Thumann was adamant that both businesses and governments should support the European Commission recommendations on economic policy, warning that previous episodes of watering down or backtracking had weakened reform efforts. This included issues like the continuing consolidation of public finances, access to credit, making the best use of EU funds, youth employment and completing the single market. Thumann also gave his backing to the EU’s recently launched negotiations on a trade agreement with the United States, saying it promised a vital boost to the economy.
Martin Jahn, a Supervisory Board member of Škoda Auto and President of the Czech Automotive Industry Association, said that EU enlargement had shown how to profit from competition. “The whole enlargement process made us much stronger competitively,” he said. Jahn argued that raising new taxes would not solve any of the fiscal crises, saying, “I don’t think we need higher taxation. I think we just need more effective taxation collection.” And he said that contrary to some of the claims about the euro, it had actually been a boon to the economy. “I don’t believe there is a euro crisis. The euro has been a very successful project, and increases the global competitiveness of Europe. We have a few countries in the euro facing structural problems that have nothing to do with the euro,” he said.

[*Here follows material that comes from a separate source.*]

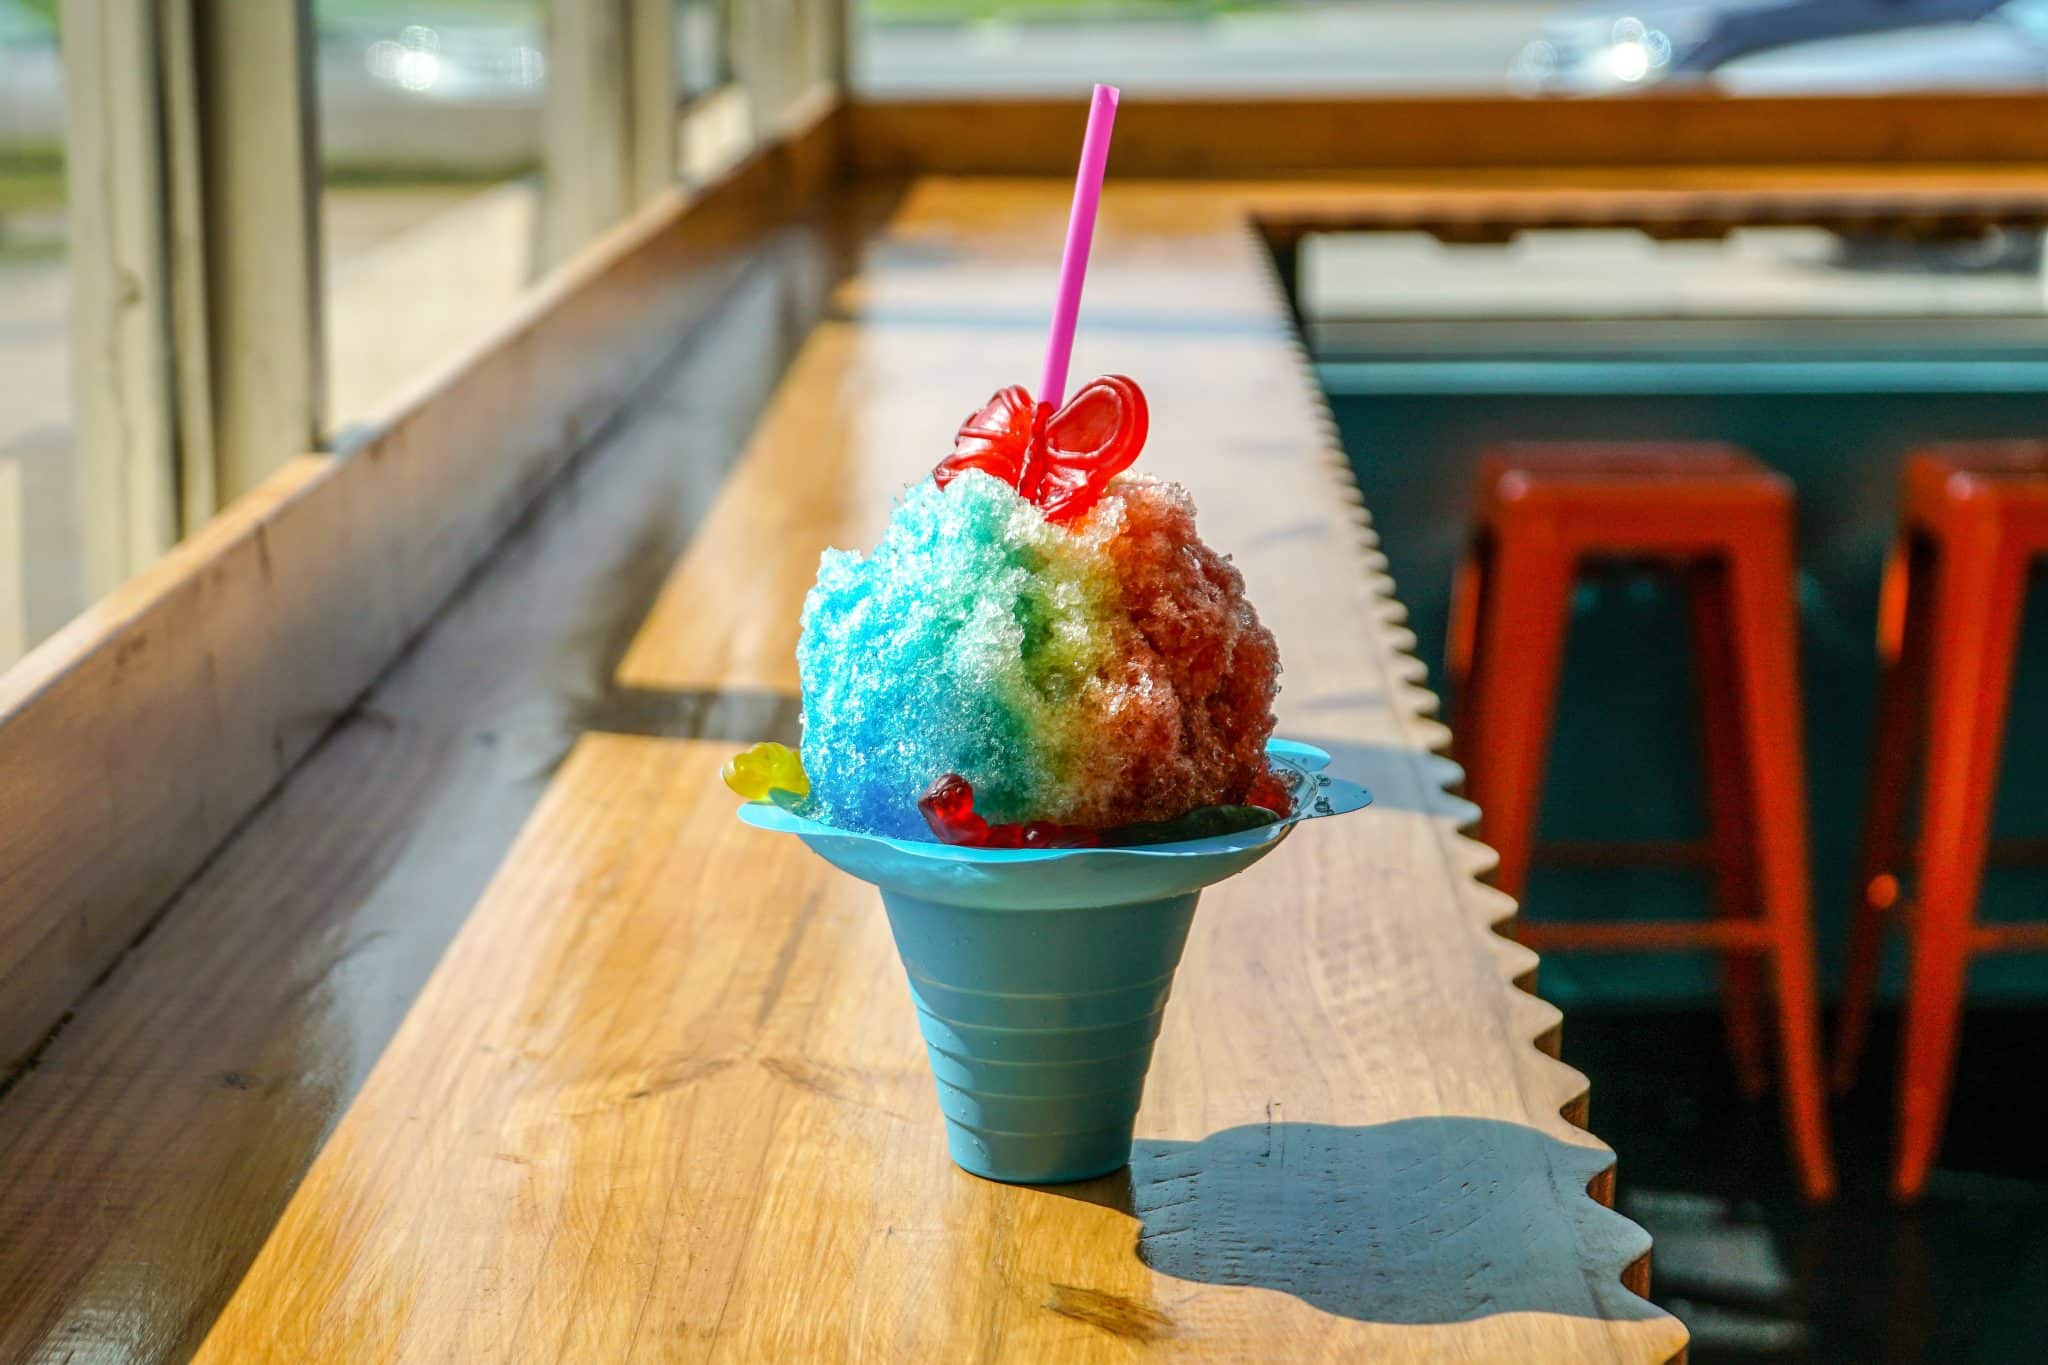 Shaved ice photo by thomas park for unsplash(1).jpg

Anne Bucher, the director for structural reforms and competitiveness in the European Commission’s Directorate-General for Economic and Financial Affairs, expressed her concern about Europe’s economic imbalances. “Some describe Europe as a convergence machine, and with the crisis, this machine has been severely impaired,” she said. Bucher said the current recession was prompting firms to diversify into other sectors. “But these SMEs will need lending for their risky activities and this is what we are trying to support,” she said. Like Thumann, she suggested that surplus countries have a contribution to make. “The excess savings in the surplus countries needs to be channelled to deficit countries in the form of foreign direct investment,” she said.
Guillermo de la Dehesa Romero, a vice-chairman and non-executive director at Banco Santander, warned that competitiveness was a relative and subjective term; he preferred to talk about international performance. He focused on the issue of global supply chains, which he said had completely changed international business. “They can coordinate complexity at distance,” he said. “Now trade is in parts, components, services, technology, marketing – it is much more complex.”Filippo di Mauro, a Senior Adviser in the Research Department of the European Central Bank (ECB), said it was a very positive sign that Europe could debate competitiveness. “We are out of the emergency situation and the proof of it is that we are now discussing the engines of growth,” he said. But he added that many of the expected reforms to the labour market were too timid. “Adjustment is taking place, but is this enough? My answer is no,” he said.